False job offers top BBB's list of 2018 scams
The Better Business Bureau of Upstate New York warns that the leading scam operation these days is a supposed job offer for which the target never actually applied nor interviewed, yet often times still fleeces money from the victim.
Employment scams ranked at number one on the BBB's Top Ten Riskiest Scams list for 2018. These are job offers that are delivered, unsolicited, via emails or social media, including LinkedIn.
"(Victims) are accepting positions that they didn't interview for, then all of a sudden they're asked for things that employers would normally ask for: a social security number, a bank account for direct deposit," said Melanie McGovern, communications director for the Better Business Bureau of Upstate New York. "Then what happens is they'll get a check for what they call 'startup costs,' and then they're told - if they're a secret shopper - to buy things, or buy things for their office, and the check turns out to be fraudulent. Then they lose that money. Or, they're asked to purchase items to ship to other customers and then they're out that money."
Second on the list are online purchases. These include businesses that pop up online in social media offering products such as largely discounted brand-name merchandise, t-shirts or other popular items. After the customer forwards payment, the shop quickly disappears. McGovern says some complaints they received included Buffalo Sabres jerseys offered online for a below-average price, only to prove to be fraudulent.

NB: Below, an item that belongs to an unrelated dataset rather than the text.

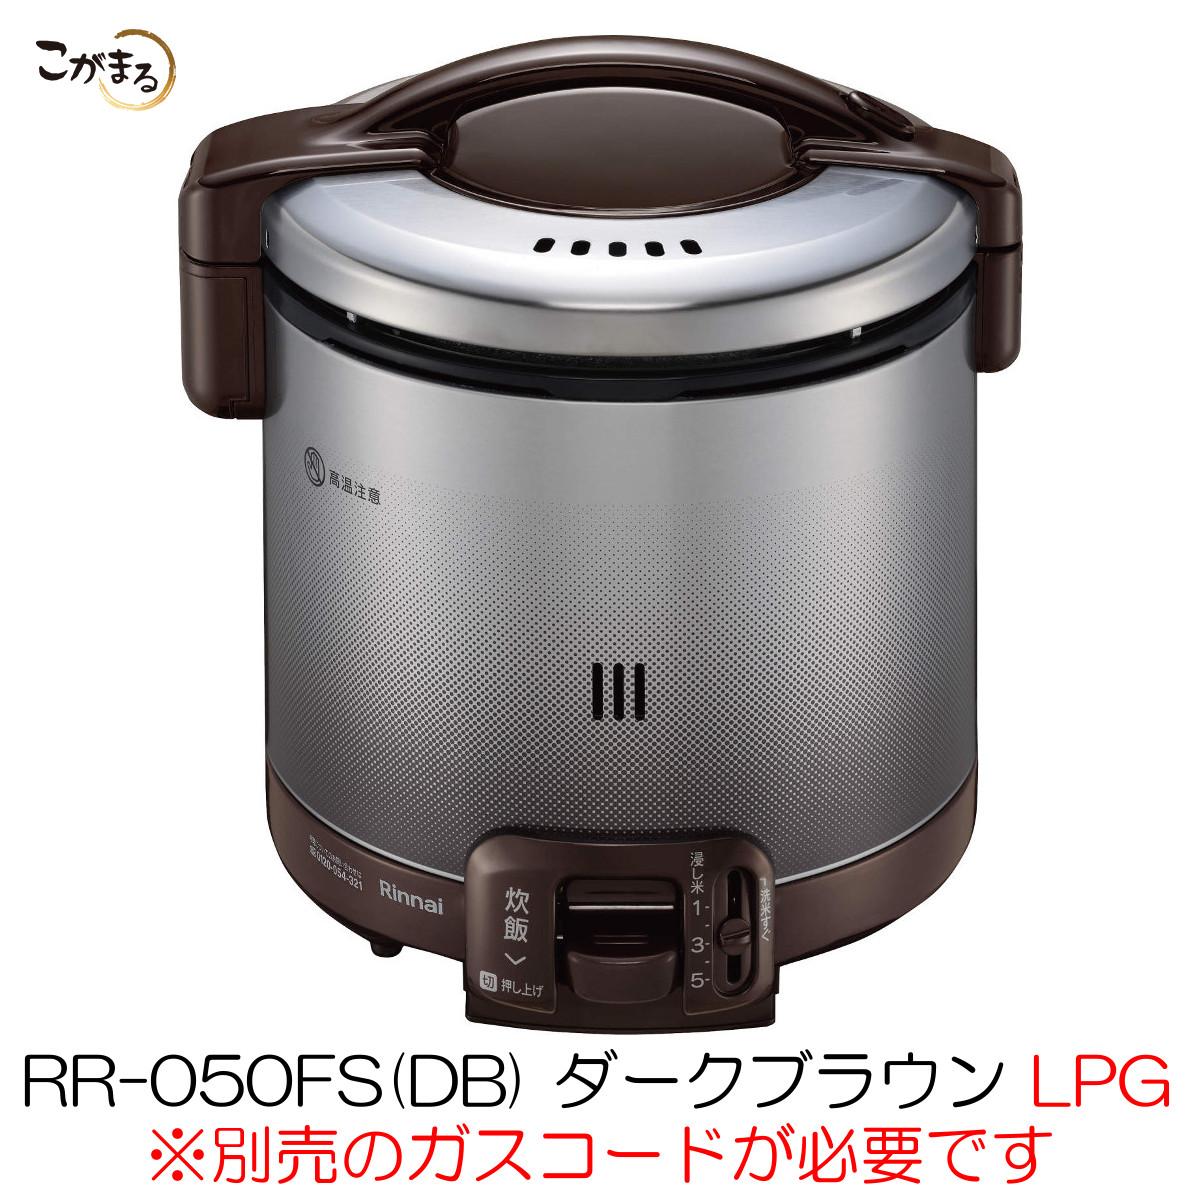 リンナイ(Rinnai) ガス炊飯器 こがまる RR-050FS(DB) ダークブラウン ガス種:LPG【ガスコード別売】

Among the dangers with online shopping scams is that many times, the perpetrators create a website that looks similar, if not an exact replica, of a legitimate established company. McGovern admits she came across an offer that was appealing at first, until she utilized her own employer's Scam Tracker to find out it was indeed too good to be true.
"I saw a cute bag in my Instagram feed the other day. The first thing I did was I went to BBB.org and typed up that address. It came up with an 'F'," McGovern said. "So, Melanie will not be buying that bag. You see things, these ads look slick. They look legitimate. There's comments from people saying 'I love this bag, it came right away.'"
Even the positive comments, she warns, could be part of the scam.
Completing the BBB's Top Ten list of riskiest scams are, in order: fake checks or money orders, home improvements, advance fee loans, romance (typically a would-be suitor asking for cash), tech support (which includes a request for sensitive personal information), investments, travel and vacation offers and government grant offers.